Finding government auctions





Government auctions are probably one of its kind in the country - government itself is involved in selling off those cars, necklaces, computers - on you name it, we have it pattern. Government has different types of goods for sale - some items are outdated, some have been confiscated, some have been forfeited, and some don't have a legal heir. Some other may have been seized or foreclosed. Government is forced to dispose off such items to the public. This may prove to be a good bargain. You may end up with an excellent item for a throwaway price, or you have paid way too much for a battered car.

First thing to know about government auction is that nobody has been authorized to sell the information relevant to government auctions. You may simply enlist yourself for this purpose, and get to frequently know about the upcoming sales items. There is no need to pay a dime to anybody. You may, however, have to pay to the government authorities few dollars to be enlisted on the mail list.

Once you decide to attend a particular auction, don't forget to thoroughly research the item.

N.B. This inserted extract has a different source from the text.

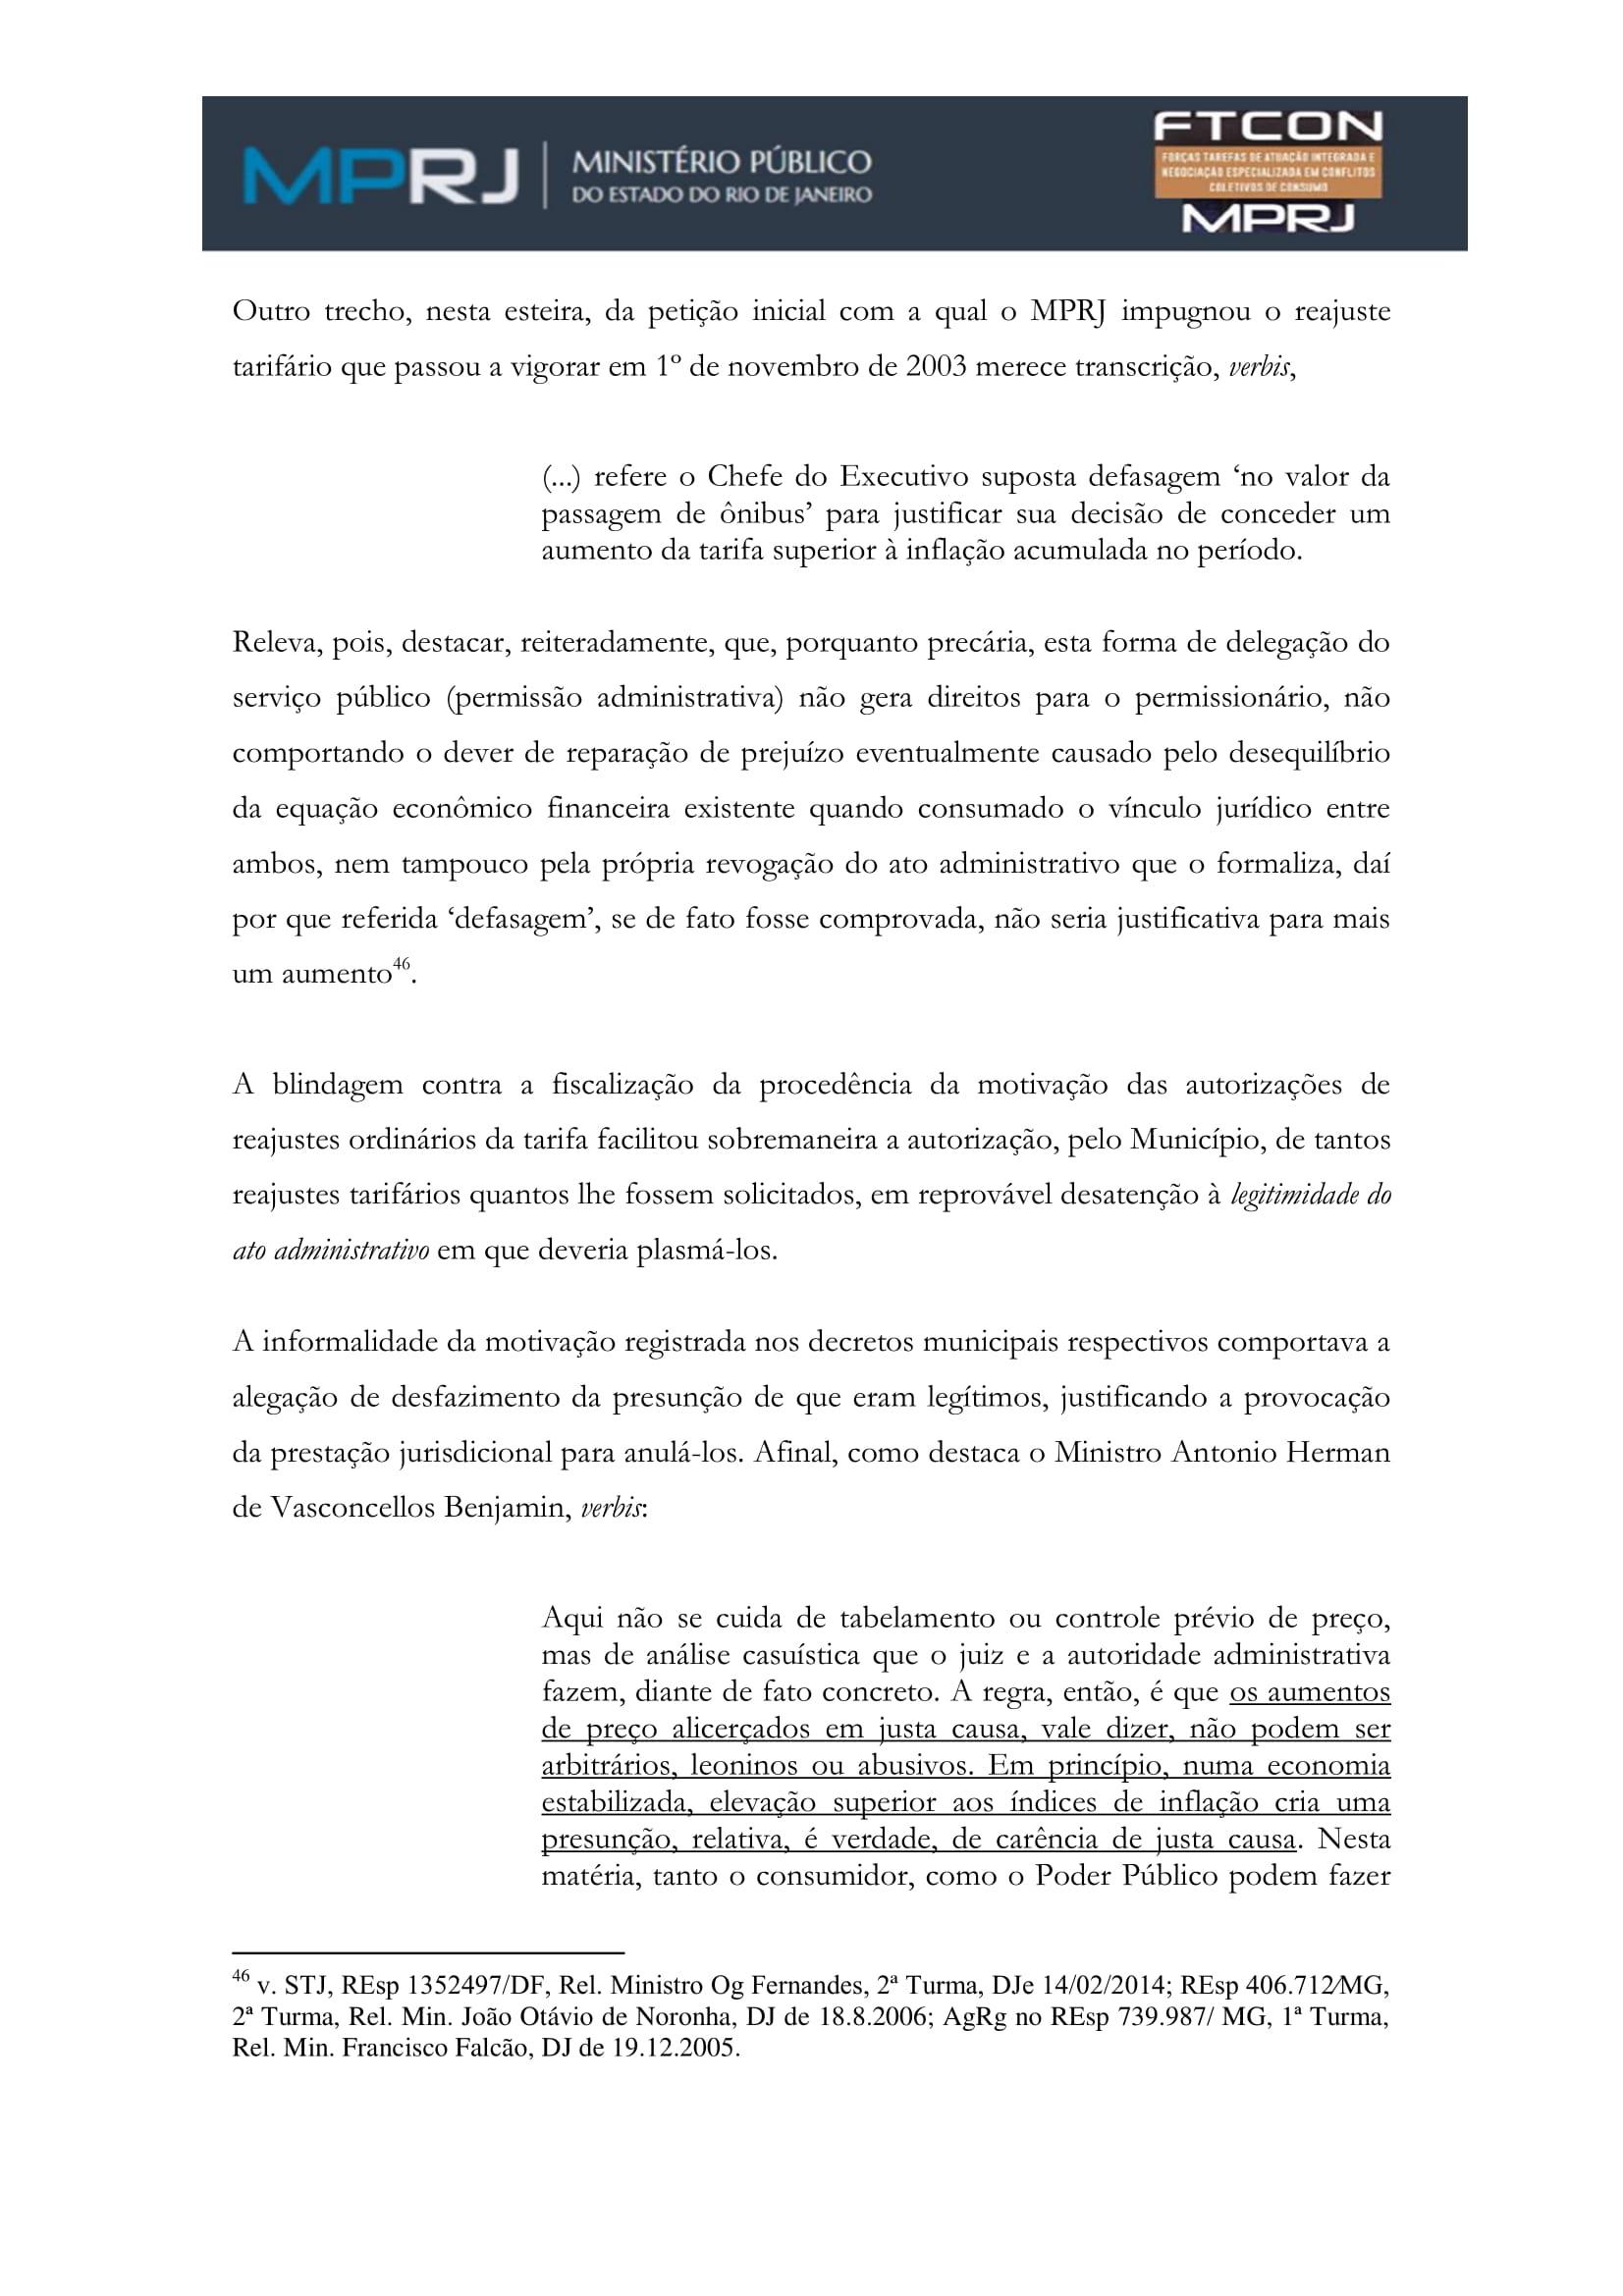 acp_caducidade_onibus_dr_rt-061

Try to know more abut the condition of the item on sale. Dig deeper for the bidding process to be adopted for that item of interest. It may be a sealed bid process or online or spot bid or fixed price or portfolio sale. Equally important is to know about the payment options. Some places may not accept credit cards, while some may ask for advance deposits through bank draft or check.

In some cases, auction-sponsoring agency may allow prior inspection of the items on sale. Other cases may allow you to do so at the time of bidding process. Get these details in advance. Once you reach the inspection place, get some professional help. For example, if you are buying a car from government auction, get a mechanic along with you. What may look an excellent bargain for you, may not be all that lucrative from the point of view of mechanic.

There are many myths surrounding government auctions. It is the common perception that the items available through government auction are dirt-cheap. You are grossly misplaced on this. If you really find the item dirt cheap, you should be doubly careful about its condition. There is no big idea of buying a car for $500 having no engine and axles. Otherwise, government tries to sell the goods at fair market value.